Nevertheless, it was shown that the δ synthesis is also applicable for such types of structures as (Fe,Ni)₃P, provided that, in addition to the experiment, calculations and simulations have to be performed.

As a result of the calculations, it follows that the M3 site is probably occupied by Ni only. Furthermore, it is reasonable to assume that M1 is completely occupied by Fe. Therefore the M2 site should be then occupied by Fe and Ni, depending on the sample composition and on the M1/M2 density relation observed (Table 3).

In the δ synthesis experiment, both forms of phosphides, two chemical classes (IAB and IIAB) and Fe:Ni relations from 1.2 to 2.0, were examined, which covered a part of the meteoritic phosphides. An expansion to other chemical classes or samples with higher Ni content would be of certain interest.

A simple explanation of this metal distribution in the three structural sites M1, M2 and M3 is not known. Fe and Ni are similar elements and the coordination of the three sites provides no indices (e.g. Doenitz, 1970; M1 site: 2 phosphorus (P) atoms + 13 metal (M) atoms; M2 site: 4P + 10M; M3: 3P + 11M). Otherwise, comparing the obtained a/c ratio (cf. Table 1) and the above metal distribution, one can assume that the occupation of the M2 site with Fe is responsible for the variation of the a/c ratio.

Furthermore, for synthetic (Fe,Co)₃P a similar result concerning the metal order was obtained by neutron powder diffraction experiments (Liu et al., 1998): Co preferentially occupies the M3 and M2 sites, whereas Fe occupies the M1 and M2 sites but not the M3 site.

The investigation of iron-bearing schreibersite by Mossbauer spectroscopy has not yielded additional information (Ouseph et al., 1979; Scorzelli & Danon, 1986). The obtained internal magnetic fields differ for the three metal positions, being smallest for the M3 site. However, this tendency was also observed for the synthetic Fe₃P. Therefore a comparison is difficult.

Thus it can be concluded that this metal distribution seems to be characteristic of this structure, independent of the thermal history, because in the case of natural meteorites the cooling rates were extremely slow (some K/10⁶ years), contrary to synthetic materials.

This similarity between the metal ordering in meteoritic and synthetic phosphides is comparable with the correspondence of the orientation relations found in meteoritic plessit and duplex steel (Nolze & Geist, 2004).

5. Summary

(Fe,Ni)₃P crystals with crystalline quality sufficient for synchrotron studies were extracted from different iron meteorites (octahedrites).

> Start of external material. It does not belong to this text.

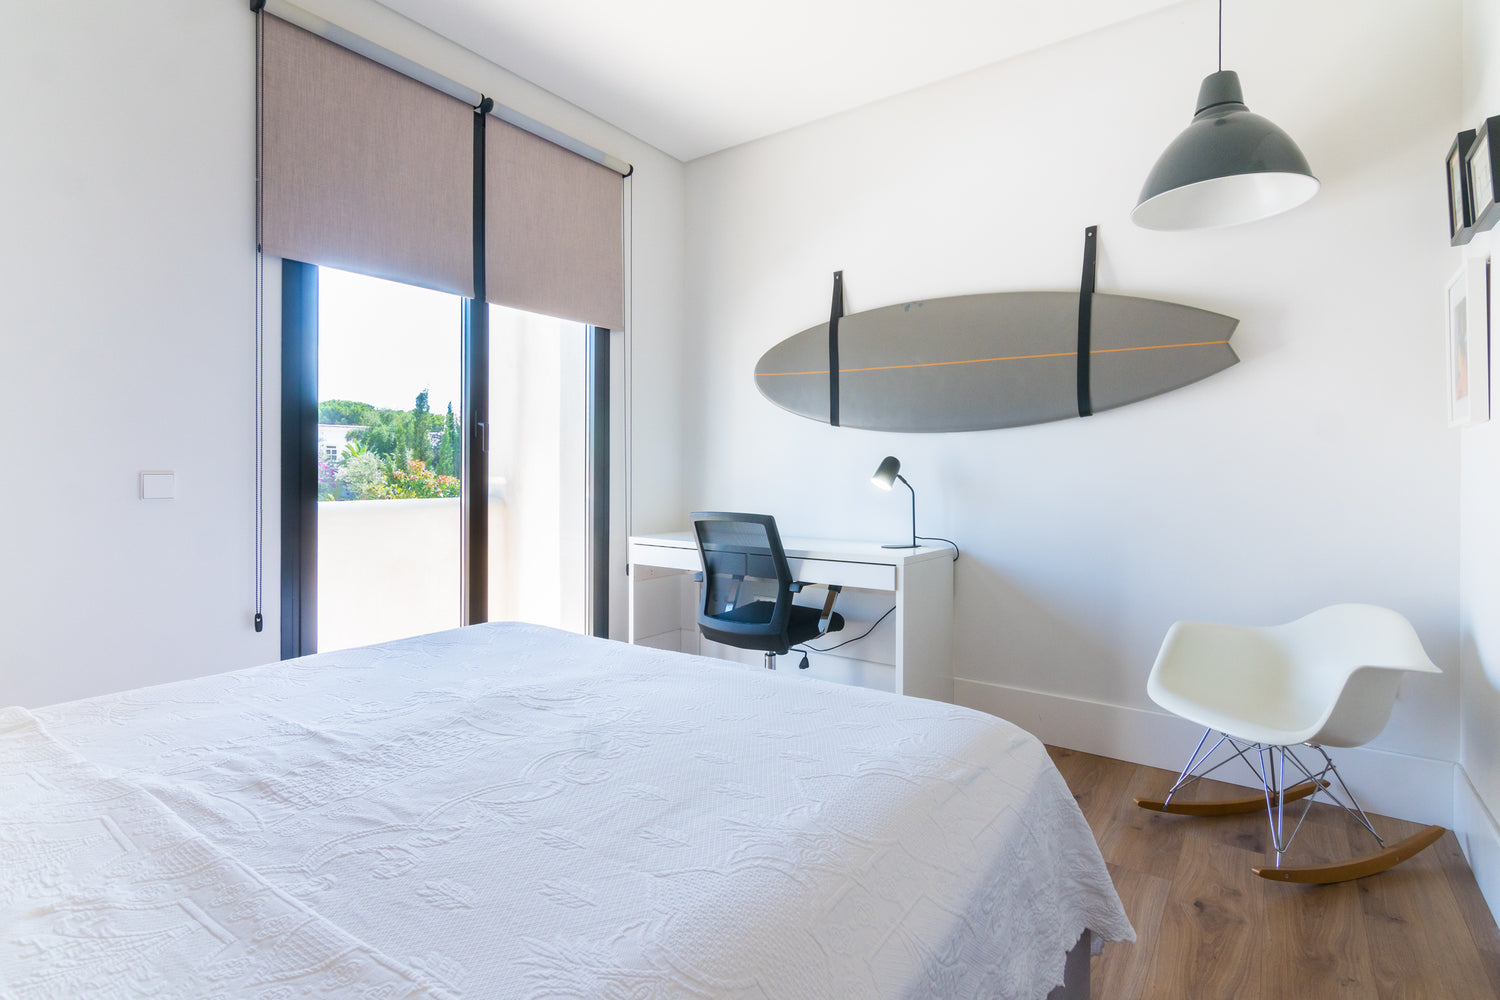 Third bedroom suite of Villa, Marbella luxury Beach House short term rental, located on the beach side at Marbella´s exclusive Golden Mile just steps from the sea

A determination of the Fe:Ni distribution in the metal sites M1, M2 and M3 of the structure was possible using δ synthesis. The application of this two-wavelength method to crystals, where the metal atoms of interest are the dominating component in the unit cell, was possible by comparing the experimental results with simulation calculations.

For all crystals examined it was found that Ni prefers the M3 site, avoiding the M1 position. This result agrees with Doenitz (1970) and confirms results of refinements of conventional X-ray experiments. Moreover, a neutron diffraction experiment on isostructural synthetic (Fe,Co)₃P yields the same trend for the distribution of Fe and Co (Liu et al., 1998).